- Born: December 3, 1880 Lynchburg, Virginia, U.S.
- Died: February 5, 1953 (aged 72) Orange, New Jersey, U.S.
- Occupations: physician and politician
- Known for: first African American to serve in the New Jersey Legislature
- Political party: Republican
- Other political affiliations: Progressive (1912)

= Walter G. Alexander =

American politician & physician (1880–1953)

Walter Gilbert Alexander I (December 3, 1880 - February 5, 1953) was an American physician and Republican politician from New Jersey. He was president of the National Medical Association and the first African American to serve in the New Jersey Legislature.

==Early life and career==
Alexander was born in Lynchburg, Virginia, in 1880, the son of former slaves. He attended public schools in Lynchburg and entered Lincoln University in Chester County, Pennsylvania in 1895 at the age of 14. He graduated in 1899 and then attended the Boston College of Physicians and Surgeons (now Tufts University School of Medicine), receiving his M.D. in 1903. After practicing medicine for one year in Kimball, West Virginia, he opened a practice in Orange, where he resided for the rest of his life.

From 1906 to 1912, Alexander served as vice president of the New Jersey National Medical Association, and in 1907 he organized the North Jersey Medical Society. He was an active member of the National Medical Association (NMA), the largest and oldest national organization representing African-American physicians in the United States. He assisted in the founding of the Journal of the National Medical Association in 1908. Dr. Alexander was a founding member of the Oranges and Maplewood Unit of the NAACP. This Unit was the first NAACP established in New Jersey. He served as general secretary of the NMA from 1912 to 1924 (and again from 1928 to 1932), as president from 1925 to 1926, and as chairman of the board of trustees from 1942 to 1944. He received the NMA's distinguished service award in 1944.

==Political career==
Alexander became involved in Essex County politics, serving on the Republican County Committee in 1911. In 1912, he was a candidate for the New Jersey General Assembly on the Progressive Party ticket with Theodore Roosevelt, making him the first African American in the state to have a regular party endorsement for a legislative seat. In 1914, he was a candidate for City Commissioner of Orange, receiving the eleventh highest vote total in a field of 54 candidates. In 1919, Alexander was an unsuccessful candidate for the Assembly on Essex County's Republican League ticket.

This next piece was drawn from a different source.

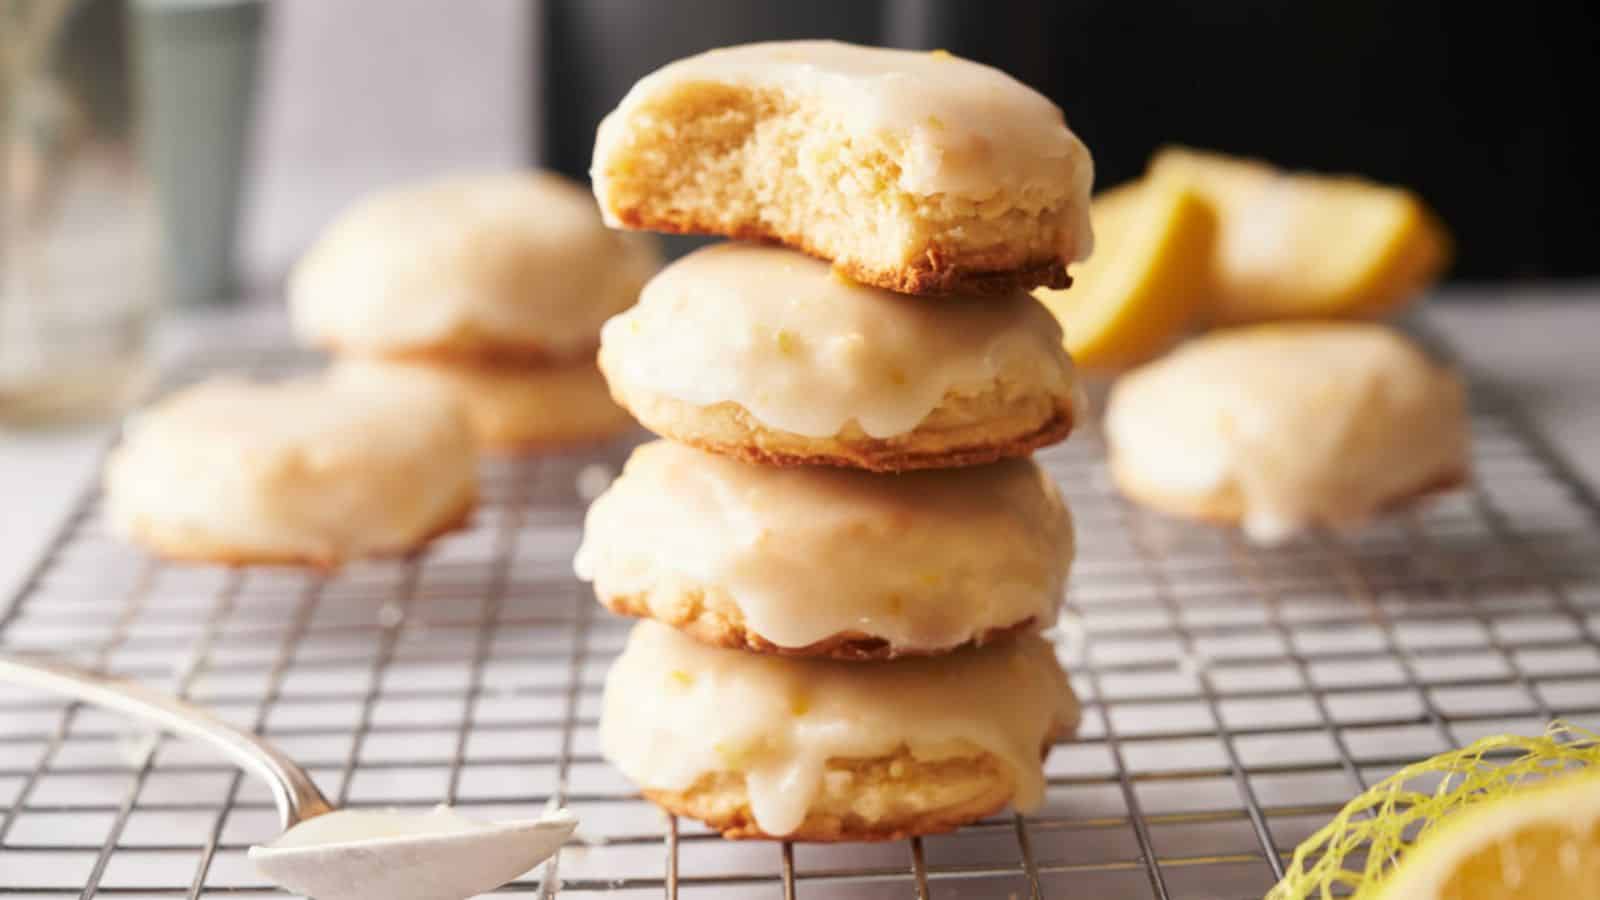 A stack of lemon cookies on a cooling rack.

In 1920, Alexander won election to the Assembly, on a twelve-person Republican slate in Essex County that also included the first two women elected to the New Jersey Legislature, Margaret B. Laird and Jennie C. Van Ness. In March 1921, Alexander was appointed to serve as acting Speaker of the Assembly while Speaker George S. Hobart was attending a National Guard investigation. It marked the first time that an African American had acted in this capacity, though an African American would not be elected to the speakership until 1974, when S. Howard Woodson was chosen for the position. He won re-election to the Assembly later in 1921.

Alexander was selected as alternate-at-large to the 1924 Republican National Convention. Four years later, the Republican State Committee selected him as one of seven delegates-at-large to the 1928 Republican National Convention.

==Later life==
Alexander maintained close ties to his alma mater, Lincoln University, serving as graduate manager of athletics from 1920 to 1926, president of the General Alumni Association from 1931 to 1936, and member of the board of trustees in 1936. In 1939 the university awarded him an honorary degree of Doctor of Humane Letters.

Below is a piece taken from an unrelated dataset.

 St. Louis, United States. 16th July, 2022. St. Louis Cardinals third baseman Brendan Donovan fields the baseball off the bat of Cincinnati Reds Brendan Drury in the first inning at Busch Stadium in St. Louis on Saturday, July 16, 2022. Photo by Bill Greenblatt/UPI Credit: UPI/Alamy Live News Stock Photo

On October 13, 1926, Alexander along with 12 other individuals, co-founded Alpha Alpha Lambda (ΑΑΛ), the first New Jersey chapter of the African-American fraternity Alpha Phi Alpha (ΑΦΑ).

He was appointed the president of the New Jersey Tuberculosis League. He was also a member of the state Public Health Council, the Committee on Health and Welfare under Governor Alfred E. Driscoll, and the medical advisory committee of the National Youth Administration. In 1939 he was the first African American admitted to membership in the New Jersey Public Health Association.

Alexander died in 1953 at his home in Orange at the age of 72, survived by his wife Lillian.

In 2007, Governor Jon Corzine signed a bill commemorating the achievements of Alexander, along with Hutchins F. Inge, the first African American to serve in the New Jersey Senate.